Mrs. Naidu’s warm regard for Jinnah was shared by many other young women who saw, as pride, what his lawyer friends called arrogance. Among them was an old Parsee lady, still living on Malabar Hill, who remembers Jinnah at the age of twenty-eight. She has said of him, “Oh, yes, he had charm. And he was so good looking. Mind you, I am sure he was aware of his charm: he knew his own strength. But when he came into a room, he would bother to pay a compliment – to say, ‘what a beautiful sari!’ Women will forgive pride, or even arrogance, in a man like that.”
Source: From Hector Bolitho, Jinnah Creator of Pakistan (London, 1954), pp. 3-5, 7-11, 14-5, 18-19, 21-22
Ruttie Jinnah's last letter to Jinnah
S. S. Rajputana,
Marseilles 5 Oct 1928
Darling – thank you for all you have done. If ever in my bearing your once tuned senses found any irritability or unkindness – be assured that in my heart there was place only for a great tenderness and a greater pain – a pain my love without hurt. When one has been as near to the reality of Life (which after all is Death) as I have been dearest, one only remembers the beautiful and tender moments and all the rest becomes a half veiled mist of unrealities. Try and remember me beloved as the flower you plucked and not the flower you tread upon.
I have suffered much sweetheart because I have loved much. The measure of my agony has been in accord to the measure of my love.

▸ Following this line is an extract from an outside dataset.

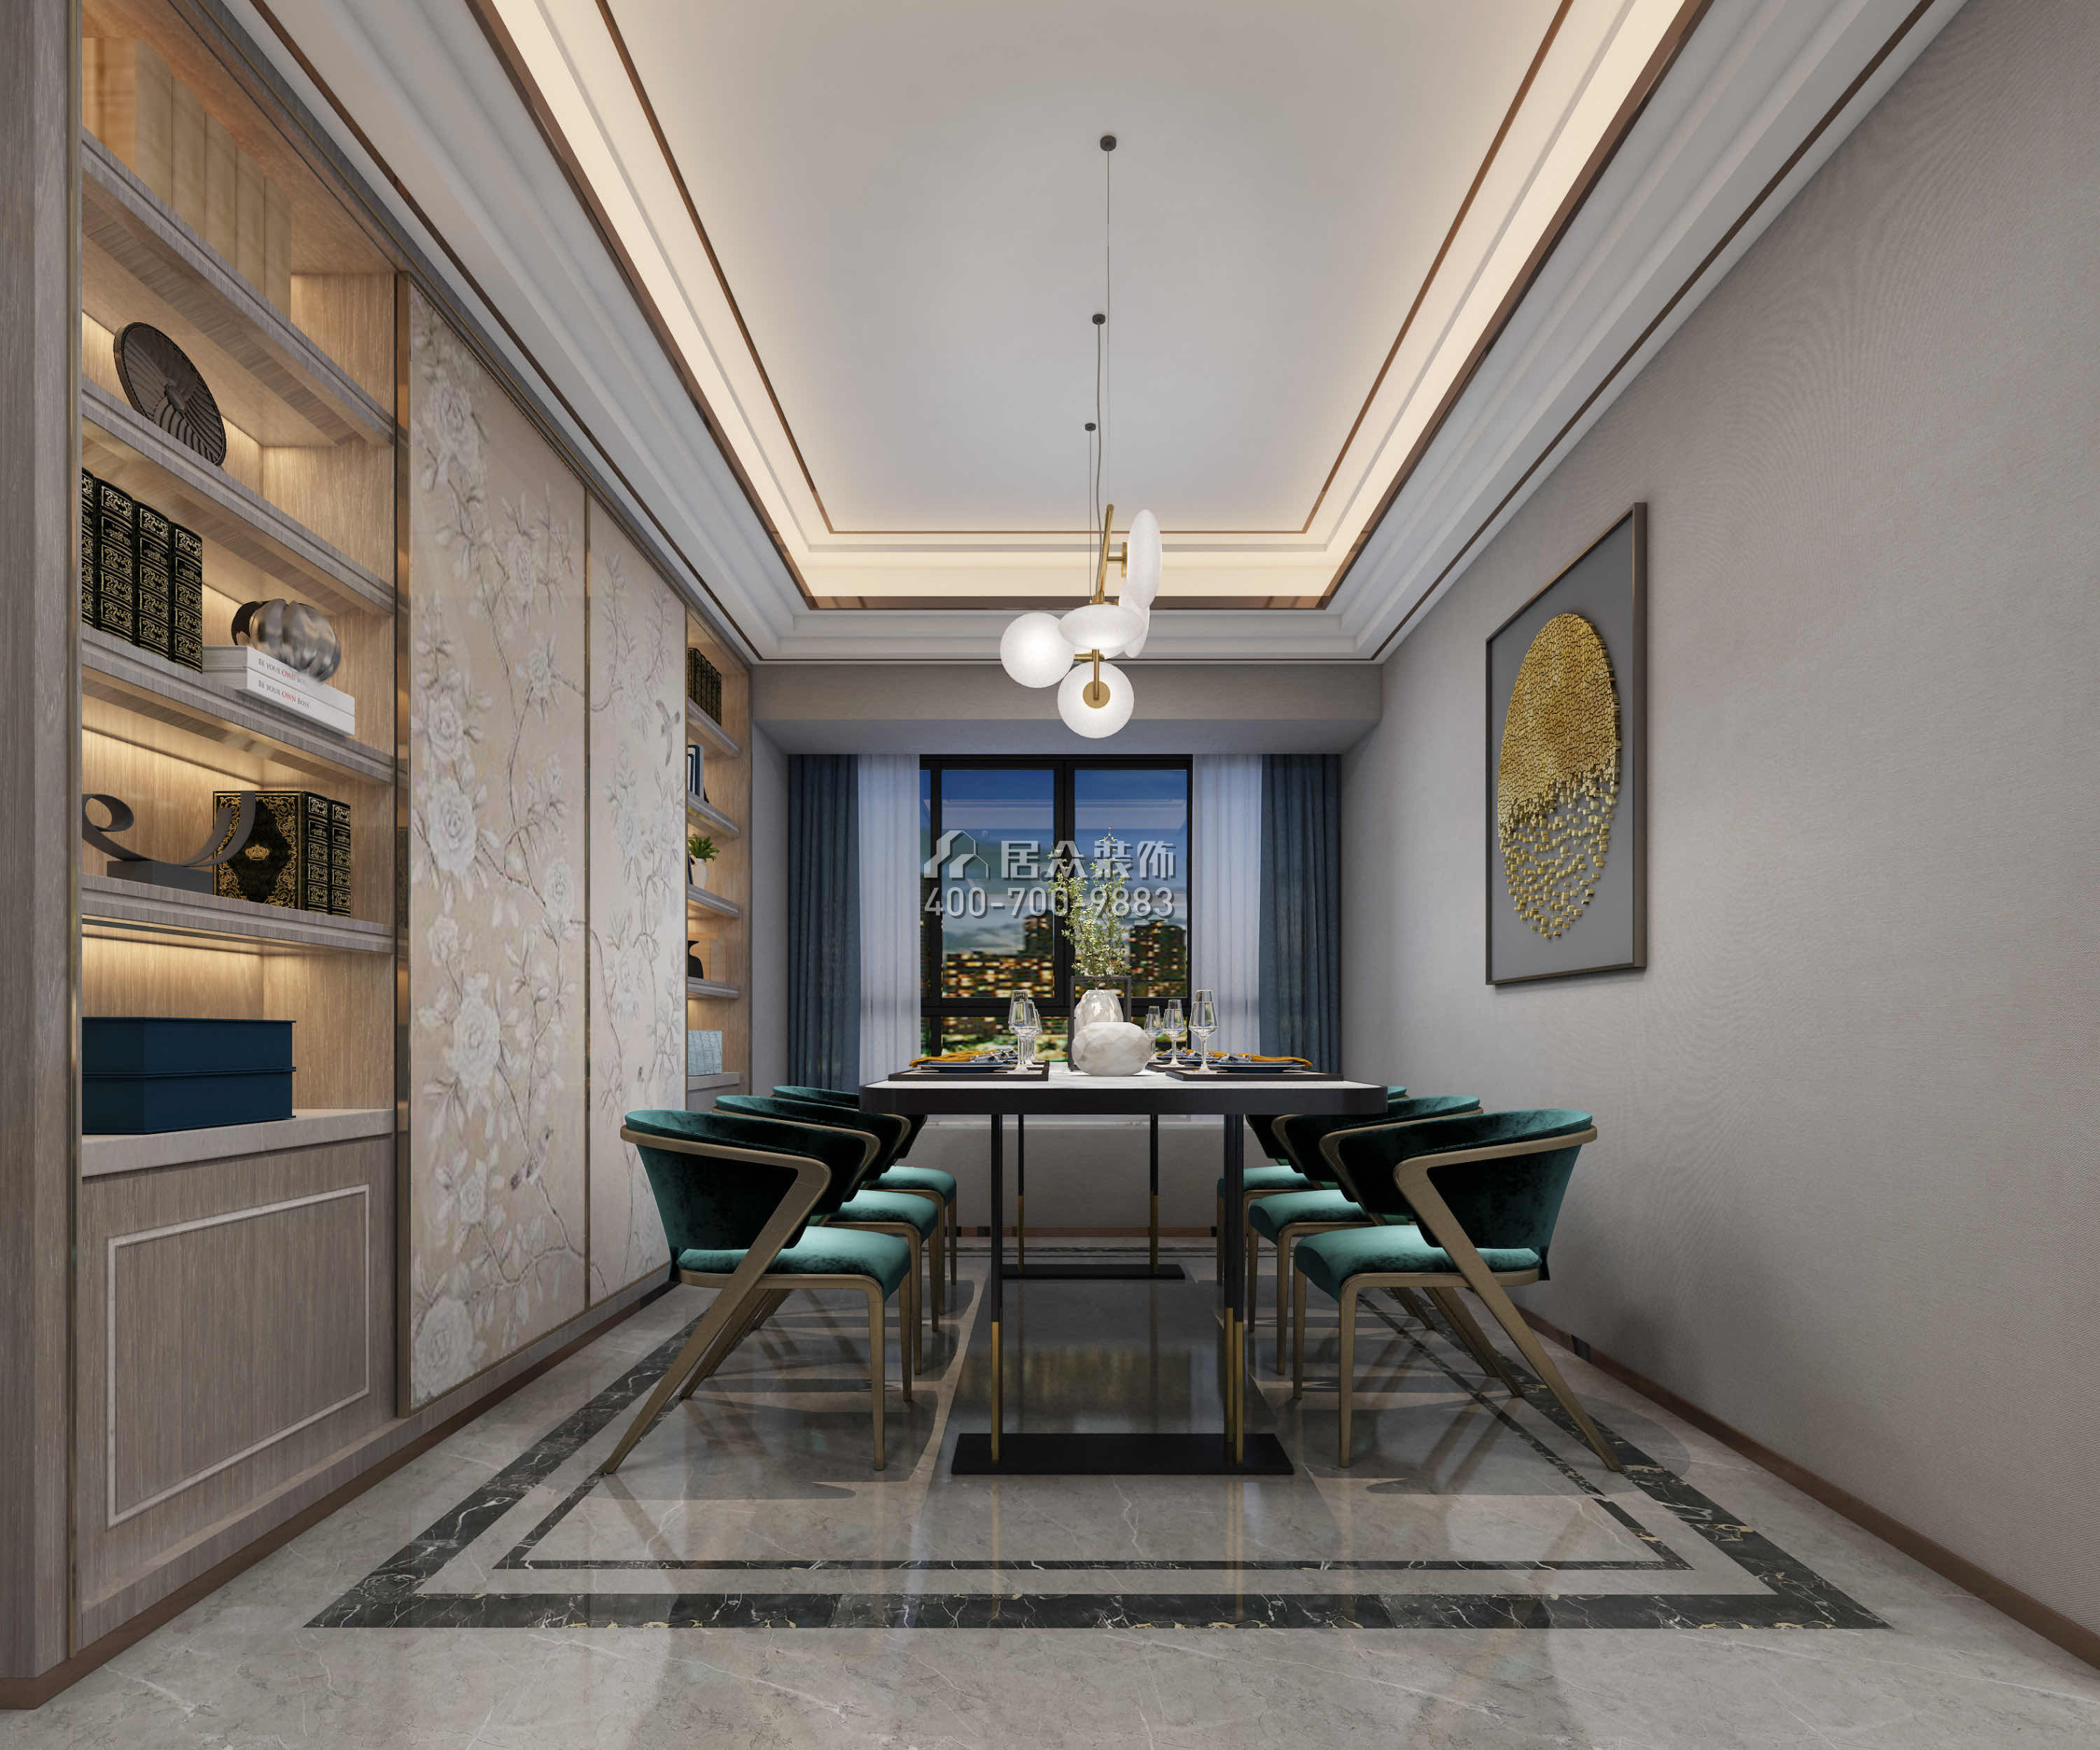 香山美墅五期165平方米中式风格平层户型餐厅装修效果图

Darling I love you – I love you – and had I loved you just a little less I might have remained with you – only after one has created a very beautiful blossom one does not drag it through the mire. The higher you set your ideal the lower it falls.
I have loved you my darling as it is given to few men to be loved. I only beseech you that the tragedy which commenced in love should also end with it.
Darling Goodnight and Goodbye
Ruttie
I had written to you at Paris with the intention of posting the letter here – but I felt that I would rather write to you afresh from the fullness of my heart. R.